Sławna osobistość to ktoś znany wielu ludziom, których sam nie miałby ochoty poznać.
Sława to jednostronne "znajomości"; celebryta jest izolowany przez masową anonimowość i niechęć do obcych intruzów.
Cytat Henry'ego Louisa Menckena: „Sławna osobistość to ktoś znany wielu ludziom, których sam nie miałby ochoty poznać”, jest przenikliwą obserwacją natury sławy, która wykracza poza jej powierzchowne, blichtr i glamour. Z psychologicznego punktu widzenia, dotyka on fundamentalnego paradoksu bycia obiektem masowej uwagi.
Przede wszystkim, Mencken wskazuje na inherentną asymetrię w relacji sławnej osoby z jej publicznością. Sława opiera się na jednostronnym poznaniu – ludzie znają sławnych, ale sławni nie znają ich. Wynika to z czystej matematyki i ograniczeń poznawczych ludzkiego umysłu. Nie jest możliwe stworzenie autentycznych więzi, czy nawet powierzchownych relacji, z milionami ludzi. Ta anonimowość tłumu, mimo jego pozornie intymnego „znania” sławnej osoby poprzez media, tworzy psychologiczną barierę. Dla większości fanów, celebryta jest projekcją, fantazją, zbiorem cech i ról, które zaspokajają ich własne potrzeby psychologiczne – od podziwu i inspiracji, po rozrywkę i eskapizm. Sławna osoba staje się płótnem, na którym inni malują swoje wyobrażenia.
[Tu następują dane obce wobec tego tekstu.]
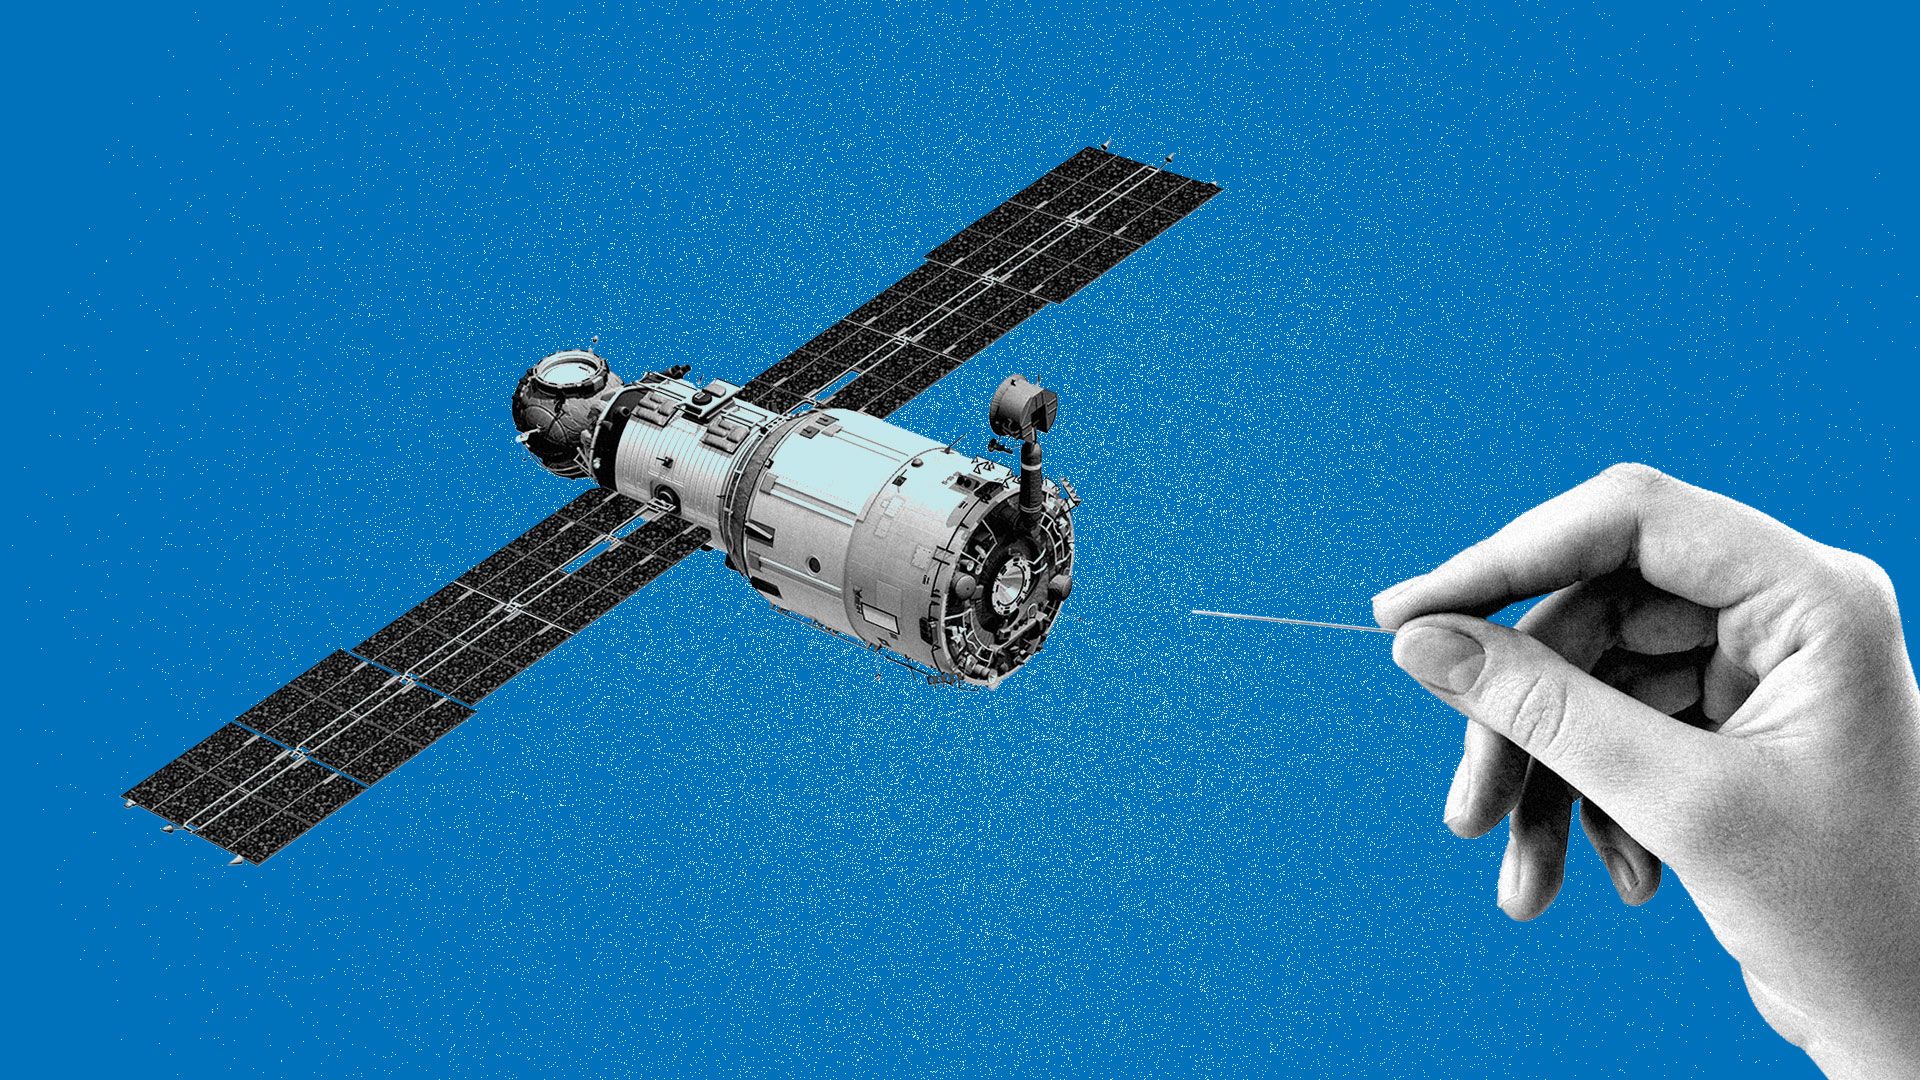 Illustration of an orbiting satellite about to be punctured by a pin.

Co więcej, Menckena „nie miałby ochoty poznać” sugeruje głębszą, negatywną konotację. Dlaczego? Po pierwsze, ze względu na wspomnianą utratę prywatności. Fani, w swojej jednostronnej fascynacji, często przekraczają granice, naruszając osobistą przestrzeń i intymność. To, co dla nich jest wyrazem oddania, dla celebryty może być uciążliwą, a nawet zagrażającą obsesją. Po drugie, cytat implikuje również, że wiele osób z tłumu, które podziwiają celebrytę, może reprezentować wartości, postawy lub cechy, które są dla sławnej osoby obce, a nawet odpychające. Sława nie jest selektywna – obejmuje całe spektrum społeczeństwa, włączając w to osoby, z którymi sławna osoba prywatnie mogłaby nie chcieć się zadawać. Ta dysonans pomiędzy wizerunkiem publicznym a prywatnymi preferencjami, jest źródłem znacznego psychologicznego obciążenia. Dla sławnej osoby, bycie „znanym” przez tak wielu, którzy pozostają „obcy” i potencjalnie niekompatybilni, jest fundamentalnym paradoksem sławy. To poczucie izolacji w tłumie, czy też bycia obiektem, a nie podmiotem, w tych jednostronnych interakcjach, często prowadzi do poczucia depersonalizacji i alienacji, mimo powszechnego uznania.